How CBN is battling rise in food prices

The Central Bank of Nigeria (CBN) has blamed high cost of food items on logistics challenges and the activities of hoarders.

The Central Bank of Nigeria (CBN) has blamed high cost of food items on logistics challenges and the activities of hoarders.

CBN Governor, Godwin Emefiele, said this at the end of the last Monetary Policy Committee (MPC) meeting in Abuja.

Latest inflation figures rose in December after trending downwards for eight months.

The CBN, he said, sees “logistical problems essentially bordering on transportation and destruction of food produce or perishable items from farm to market”.

As a solution, he said the apex bank was “trying to encourage people who are interested in looking at how to resolve the logistical problems of delivering food from farm to market to come in and take advantage of some of those intervention that we have”.

Another reason for the high cost of food stuff, Emefiele noted, were the activities hoarders, who he said “are here playing their games”.

Hoarders, he said, “buy and hoard, wait for the dry season for prices to go up, so they can take advantage at the detriment of innocent Nigerians”.

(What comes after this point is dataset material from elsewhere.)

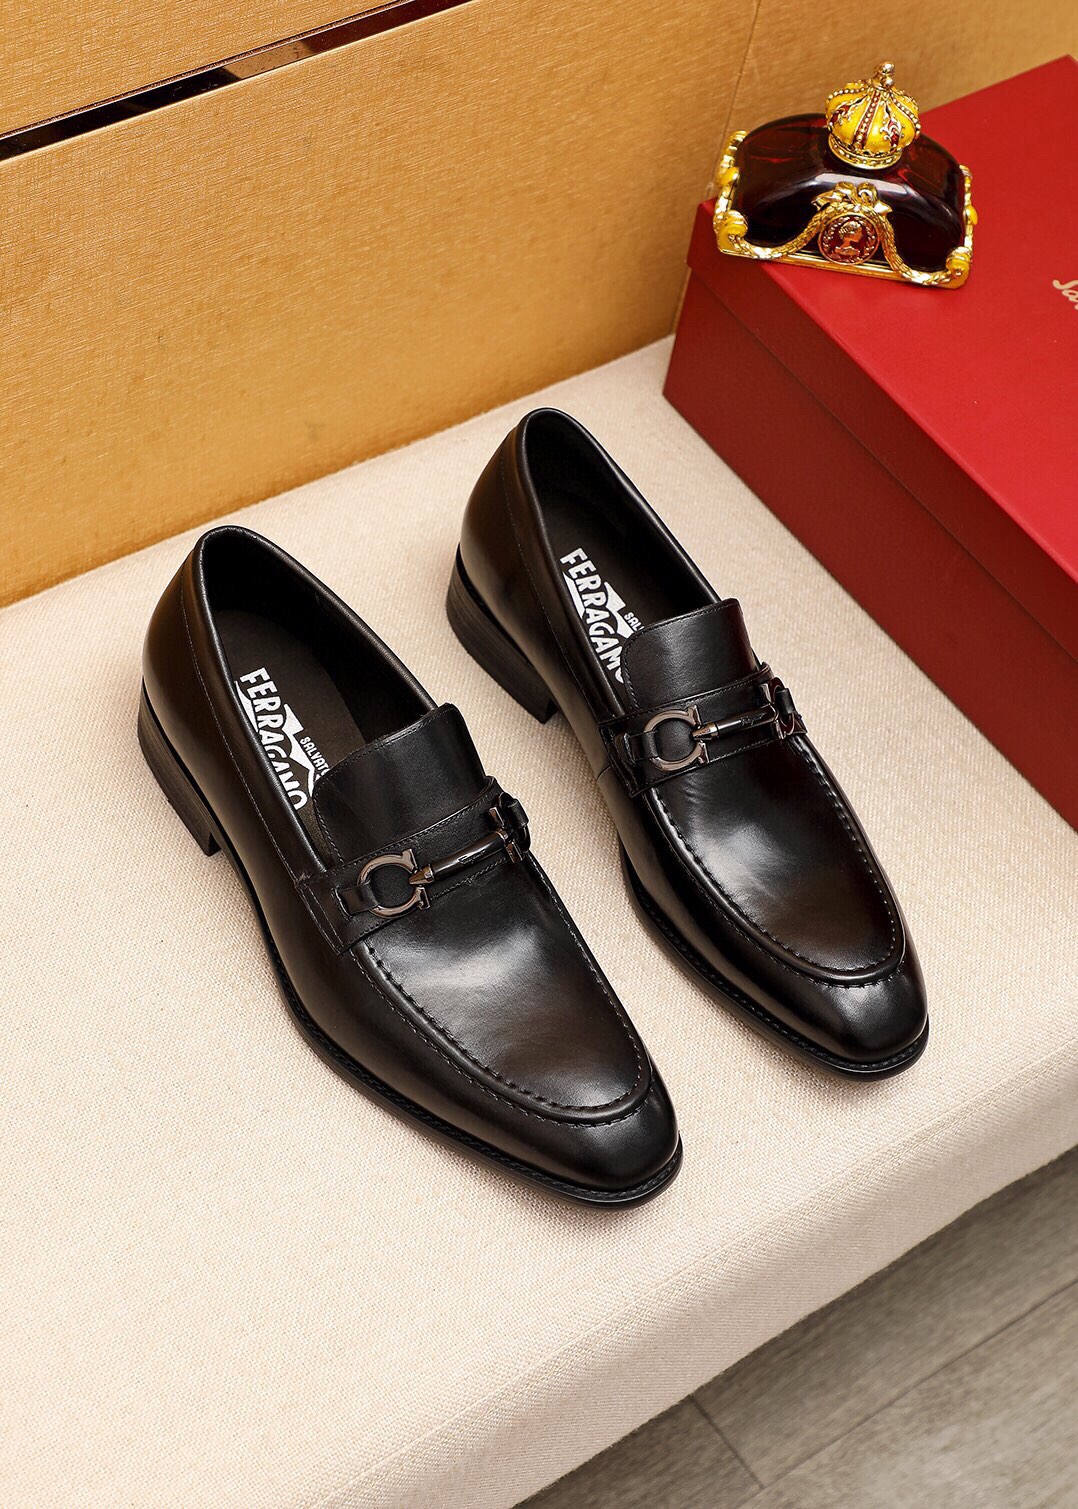 Product: Ferragamoo "Ferragamo" business leather shoes, regular size 38-44 (customized at

Emefiele said: “We started a programme last year where we said for repayment of our loan under the Anchor Borrowers’ Programme, we will receive the produce into our silos and warehouses and we will dispose of them and sell them to the real end-users whether it is to the real rice millers or the feed millers who need them.

“Through that mechanism, we can be seen to be competing with the hoarders in the market to moderate prices.

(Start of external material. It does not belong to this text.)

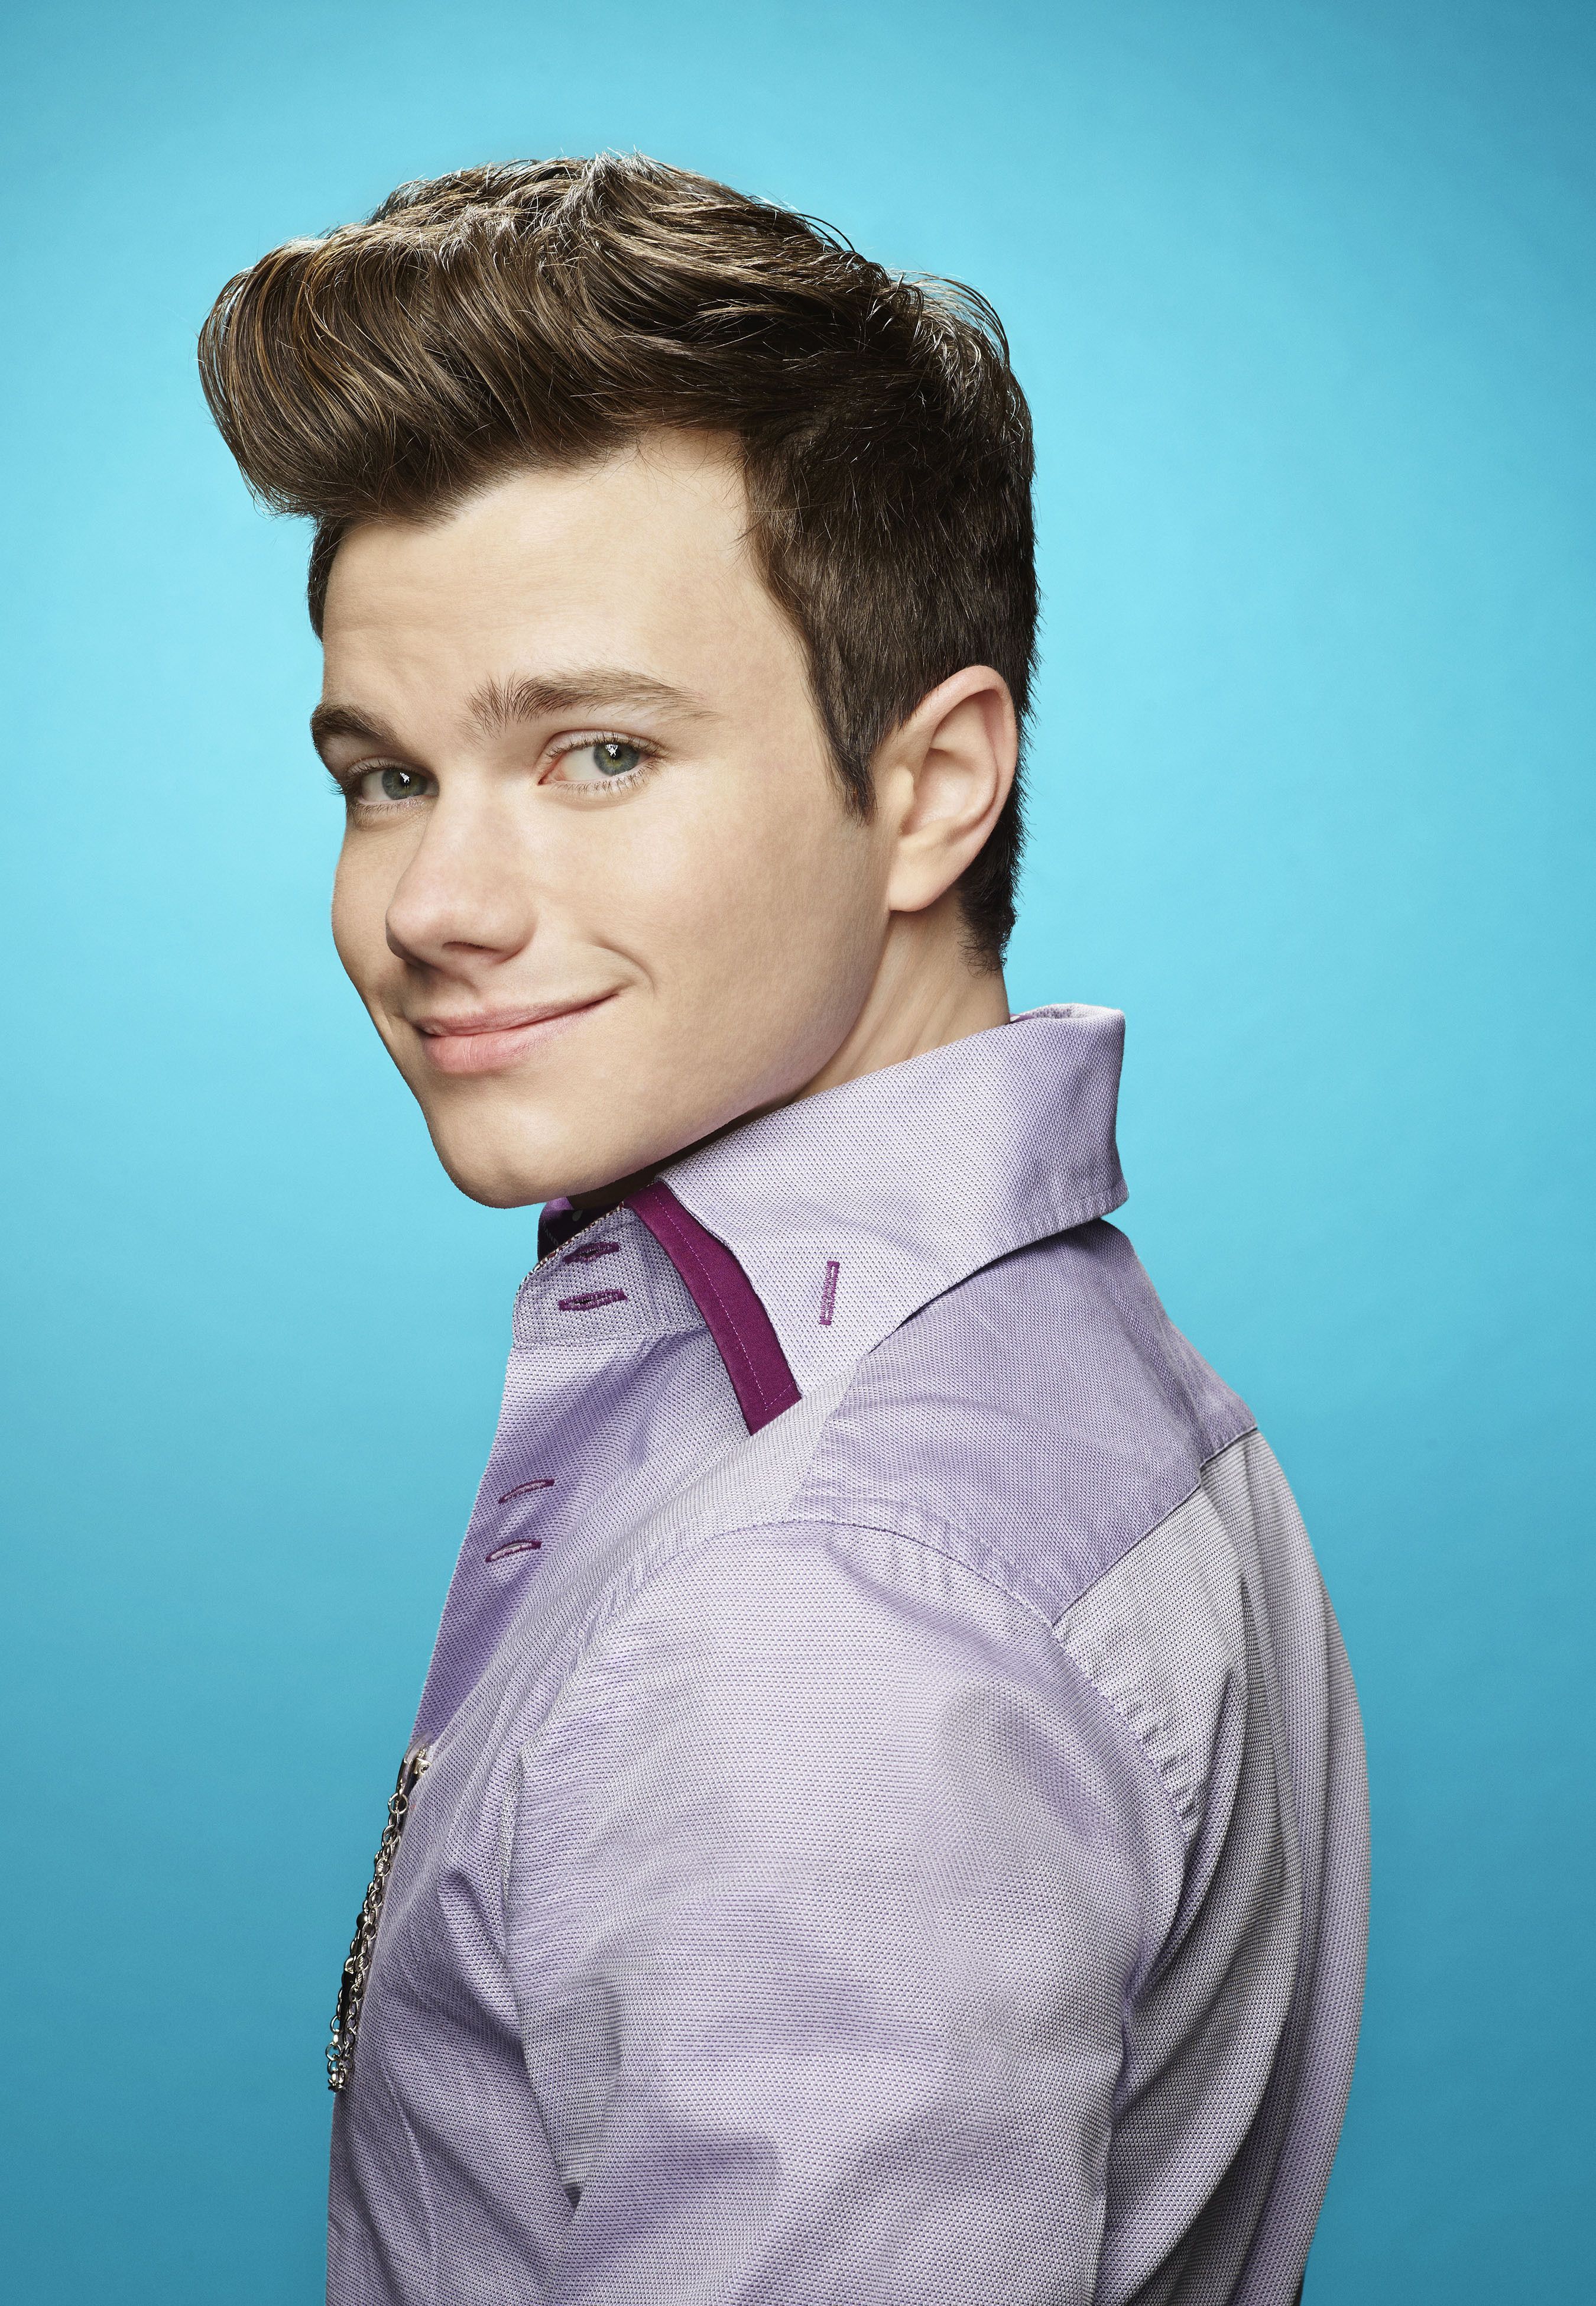 Glee Season 6 Promo. Kurt. Chris colfer, Glee cast, Glee season 6

“It worked well in 2021 because between February and around August 2021, the Central Bank released on a monthly basis 50,000 tons of maize through our silos.”

Another solution he pointed out is that “all excess output aggregated from the financed farmers will be released to the Nigeria Commodity Exchange (NCX) to help moderate the prices of food in the market”.

At the MPC briefing, the CBN governor disclosed that “with the recent assignment of the enaira USSD code by the NCC (Nigerian Communications Commission), Nigerians without a smart phone who represent the majority of the population will soon be able on onboard and carry out transactions using eNaira while dialing code 997”.

To create an eco-system that will thrive, Emefiele said the CBN “is engaging with fintech and other industry players to create a bouquet of product on eNaira platform”.

While transactions on the system have so far mostly revolved around moving money mostly to/and from bank accounts, Emefiele said a test with licensed payment services providers were ongoing to enable payment using eNaira on e-Commerce platforms.

“This will enable small and medium enterprises and other commercial service providers to offer their product and services and accept eNaira as a means of payment and exchange.

“As part of our commitment to meeting our target for financial inclusion, we are also working on a framework that will leverage the existing and new infrastructure to soon extend the services of eNaira to your bank,” Emefiele said.